When we finally left the school, Dad didn’t look at me or talk to me. I started to think he was mad at me. I started to get nervous so I played piano on my knees. I looked over briefly at my Dad. His jaw was clenched. I went back to playing.
Then I started crying. The little voice in my head was telling me to stop crying because it was completely embarrassing. But here I was, with my forehead on the dashboard, crying like a baby. “Abbey, don’t cry. I’m not mad at you. I just want you to do better.”
“I can’t! Don’t you get it? I can’t do any better and I can’t concentrate and I can’t make friends!” I shouted through my tears. Dad sighed. “Okay, we’ll get a tutor. And sure you can make friends you just need to try.” My Dad was trying to comfort me. I started getting more angry than sad.
“Why are you doing this? This is why Mum died!” I screeched at him. “Abigail, don’t you dare.” My Dad was on the verge of furious, but I was already there. I knew I shouldn’t have said that, but I didn’t apologize. I guess this would be a good time to explain.
You see, when I was younger, my brother used to call me ‘symptoms’ because I would always figure out what was wrong with people. Well, I would spend hours on the internet, searching for the answer after I was given a list of symptoms. It was something that held my attention when I wasn’t playing the piano.
So when my Mum started to complain about her chest aching, I was intrigued. Then she had a cough, a cough that never went away. By the time she started having shortness of breath after playing with us, I had diagnosed her. I went up to Dad and told him. “I think Mum has lung cancer.” I said slowly. My Dad just furrowed his brow, and then laughed. “Don’t be silly, Abbey. Off to bed now.”
Three months later, my Mum was diagnosed by her doctor on her check- up.
I looked up as the car lurched into the driveway. I hopped out of the car and ran into the flat. “How was the interview?” Evan asked before I pushed his out of the way and slammed the door to my room. I dug my face into my pillow and listened to Dad’s footsteps coming down the hallway. Then I heard the muffled voices of my Dad and brother talking.
I lay on my bed, and remembered the day I had diagnosed myself. It was the day I had argued with the teacher, broken Evan’s bed by jumping on it too much, and gotten my report card. It was a pretty bad day… That night, after a stern talking to from my Dad, I went on the computer. I typed in my symptoms. “Attention Deficit Hyperactivity Disorder.” I had said to myself.
I snapped out of my flashback as I heard the muffled voices of my Dad and Evan getting louder. I realized they were arguing. This was strange because Evan was so chilled all of the time. That was my favourite thing about him, actually. He contrasted me quite well. “She is suffering because you refuse to accept it!” I heard Evan shout. It was unnerving to hear all of that. So I got off of my bed and went to my keyboard. I sat down and played as loudly as possible. I closed my eyes and hoped that the fighting would end soon.
After a few minutes, Evan walked into my room. He calmly sat on the floor next to me. I peeked at him and his cheeks were flushed. “It might not be…” I started to say. “NO, it might not. But it would be nice to know.” Evan replied. I stopped playing and turned to him. “Doesn’t he care enough to find out?” I asked. “Of course he cares. But that’s the problem, he cares too much.” Evan sighed.

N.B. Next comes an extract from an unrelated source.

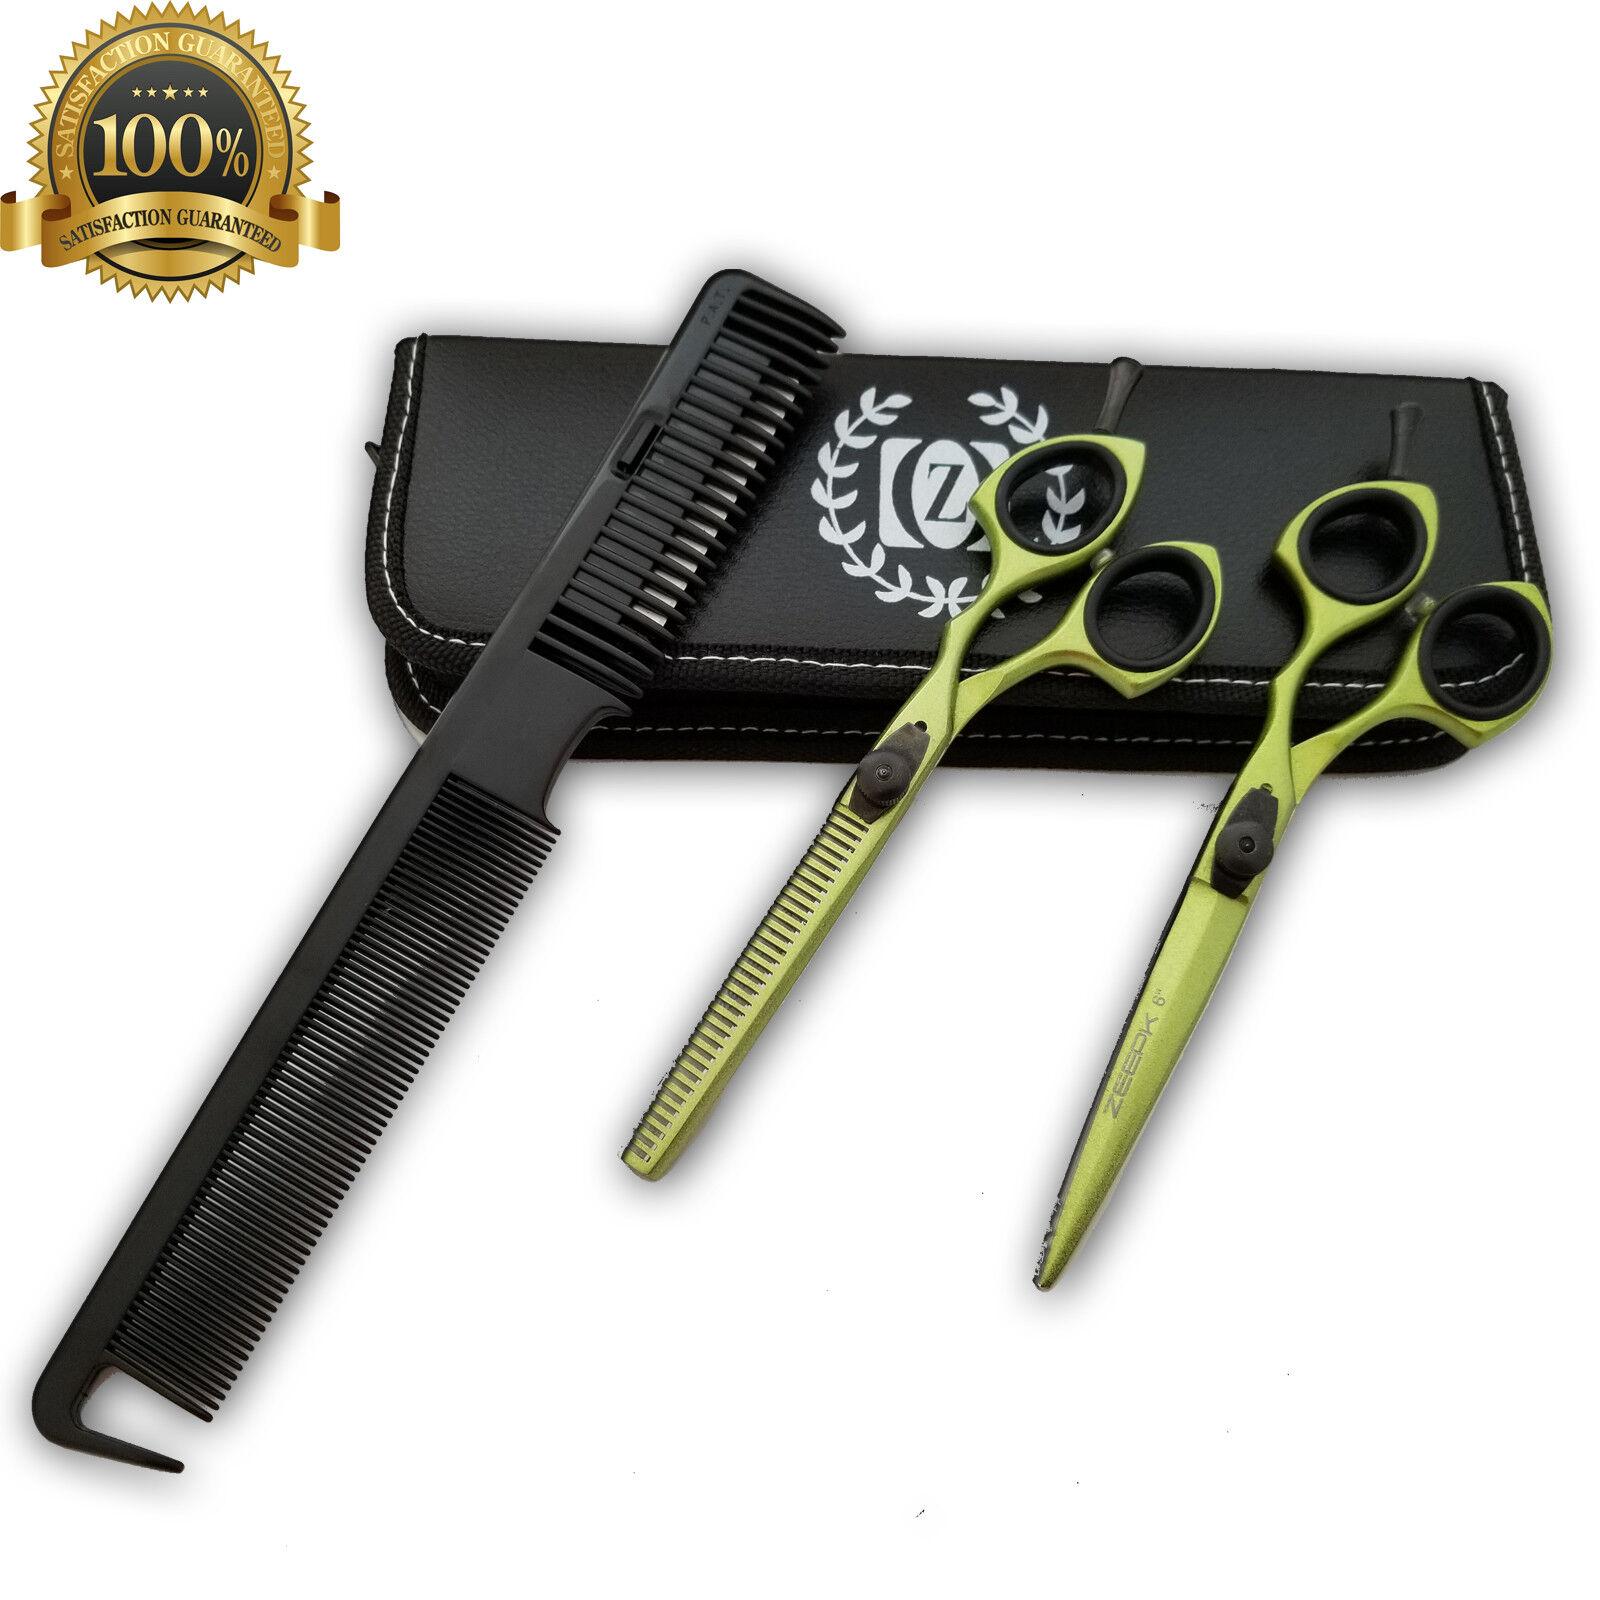 "5.5"" Professional Japanese Scissors Shears for Superior Hair"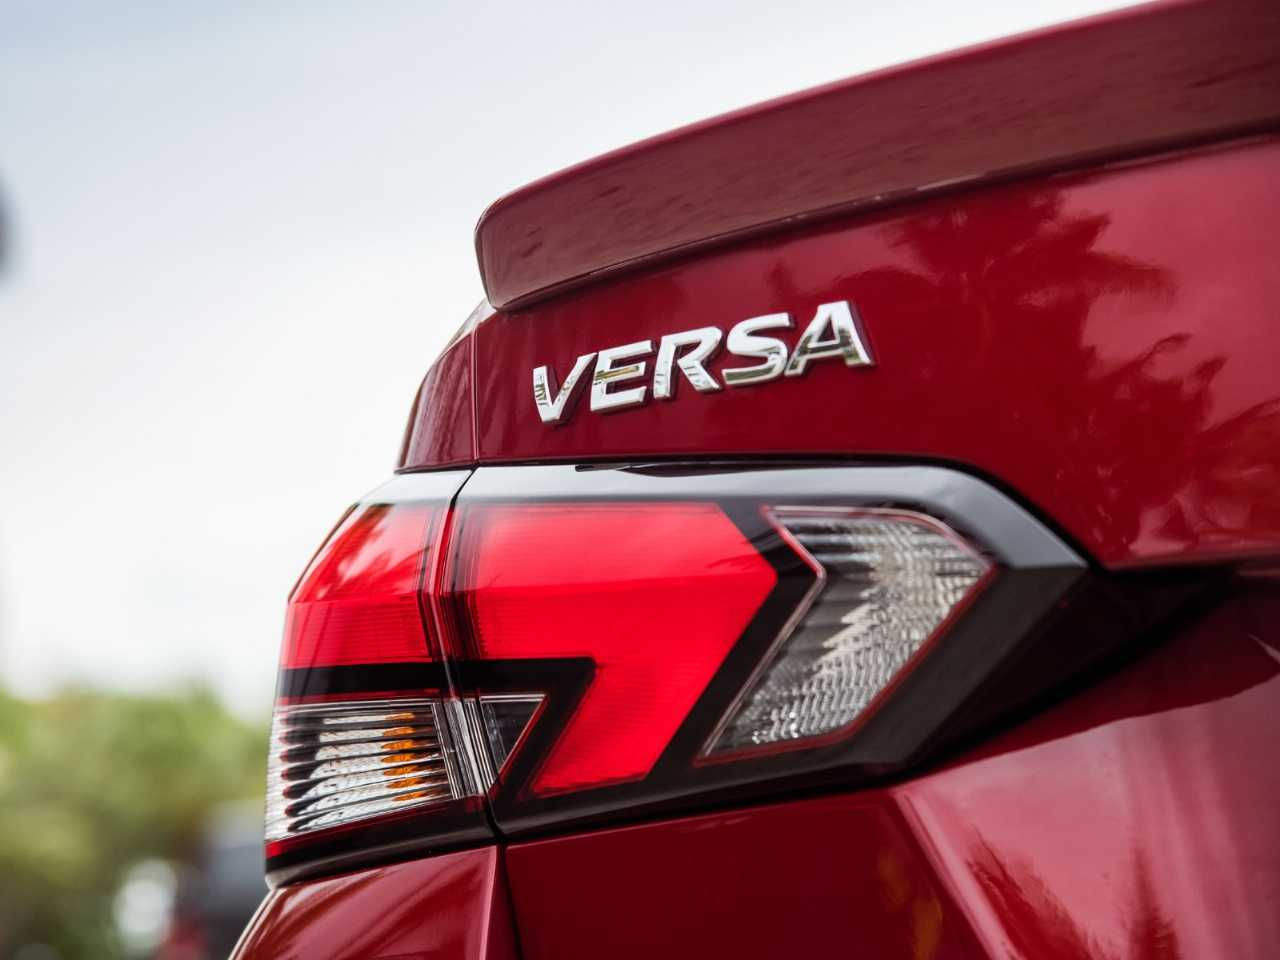 NissanVersa 2020 - lanternas

I wasn’t sure I understood what he meant by that, but it still felt good. I felt comforted. That night, as I lay in my bed, my Dad came in. He crouched beside my bed as I sat up. “I’m sorry.” He said. “I am too.” I replied. “I will get you whatever tutor you want, and you will try at least to make a friend. Is that a good deal?” My Dad asked. I was a little disappointed. I thought the argument with Evan would have gotten Dad to accept something. Or at least get me diagnosed.
“That’s a great deal. And I pick Miss Karen. She works at my school.” I said. At least I would have games and flashcards to look forward to.
My Dad rustled my dirty blonde hair and left. The one thing we didn’t know was that making friends would be the worst decision of all.